Since 2014, Muslim History Tour NYC works to preserve and retell narratives about who we are as a city, and as a nation by bringing attention to Muslims' contributions that have often gone unacknowledged, let alone recognized, by city plaques or dominant histories of the Big Apple. These stories certainly involve religious identity but are also accounts of race, immigration, and labor...of love, family, and loss...of rights denied and liberatory moments. They are ongoing.
Our collective, messy, mixed history as a city and country is incomplete when any one of us is missing. Let us search for and discover history together, so that we may build better, more accountable understandings of our past in a way that promotes a just and inclusive future!
Tour Guide
Dr. Katie Merriman is an Assistant Professor at the University of Detroit Mercy in downtown Detroit, MI and the Director of its Islamic Studies program. She holds a PhD in Religious Studies from the University of North Carolina at Chapel Hill. Her scholarship centers on contemporary Islam, race and religion, and the anthropology of religion and her current research on charitable giving in American Muslim communities explores the intersection of race, class, and moral subjectivities. She also has a background in rights-based work in Arab and Muslim communities in the United States and Jordan and lectures publicly on religious literacy and its relationship to anti-racism practices.

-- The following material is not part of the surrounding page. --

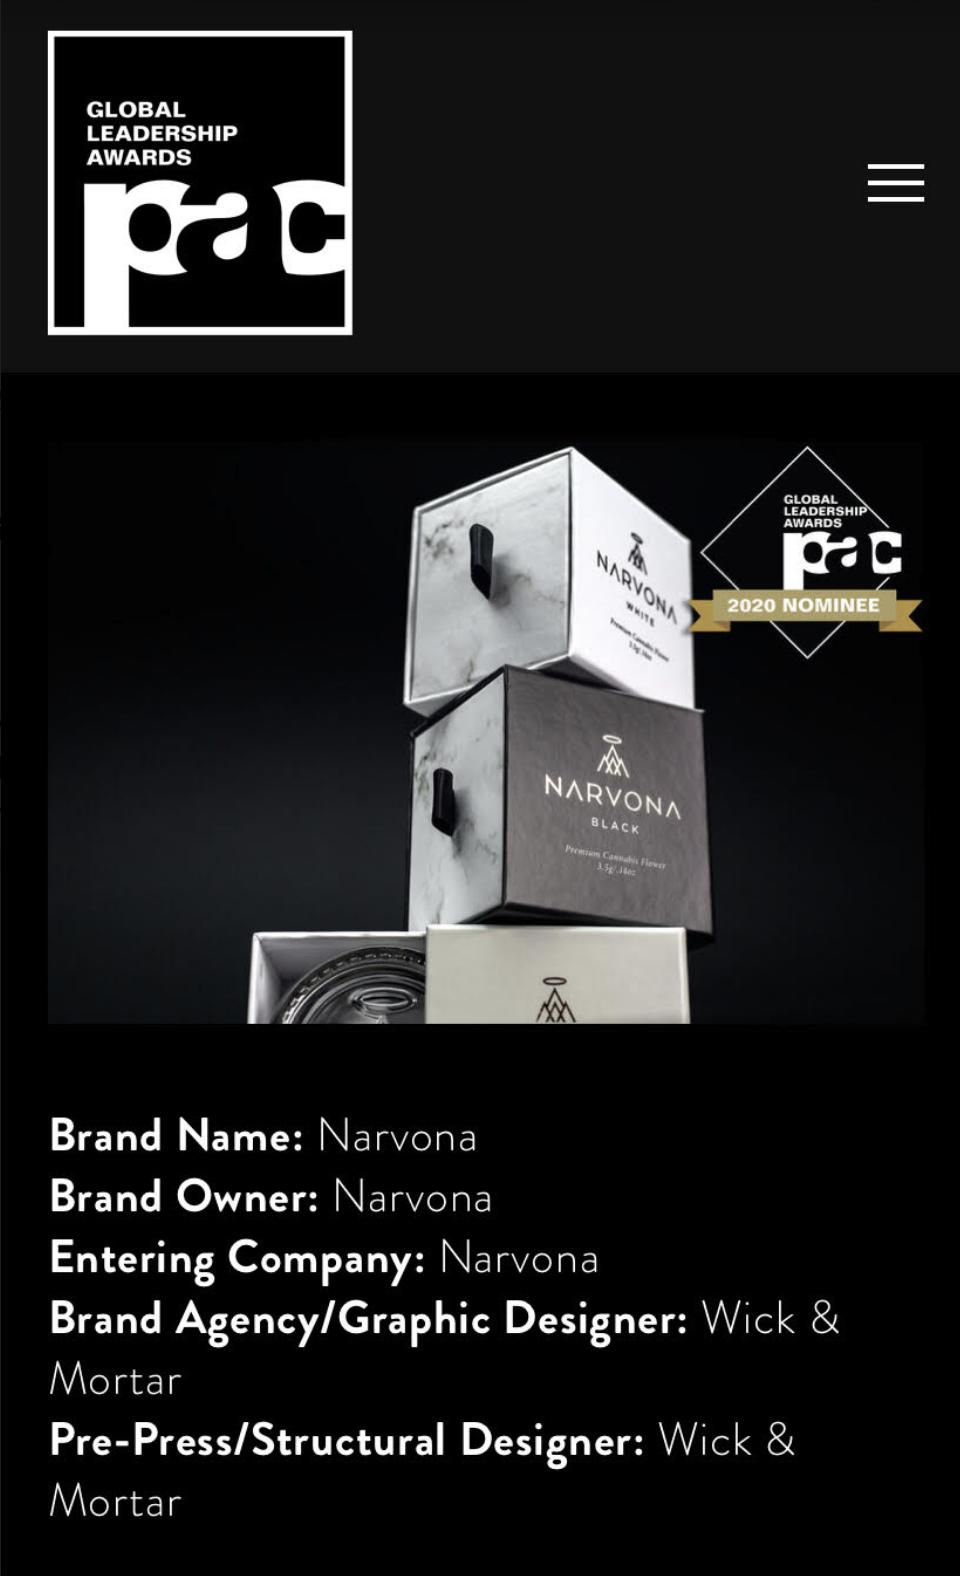 Narvona's Award Info

Merriman is a passionate amateur historian of New York City as well. Her father, a native of Washington Heights and NYC-related bibliophile, taught her to value the city’s museums and public spaces and read its passing centuries through architecture. She can walk blindfolded and backwards through the Bronx Zoo and Metropolitan Museum of Art and believes the Louis Armstrong House in Corona is the most underrated museum in the city.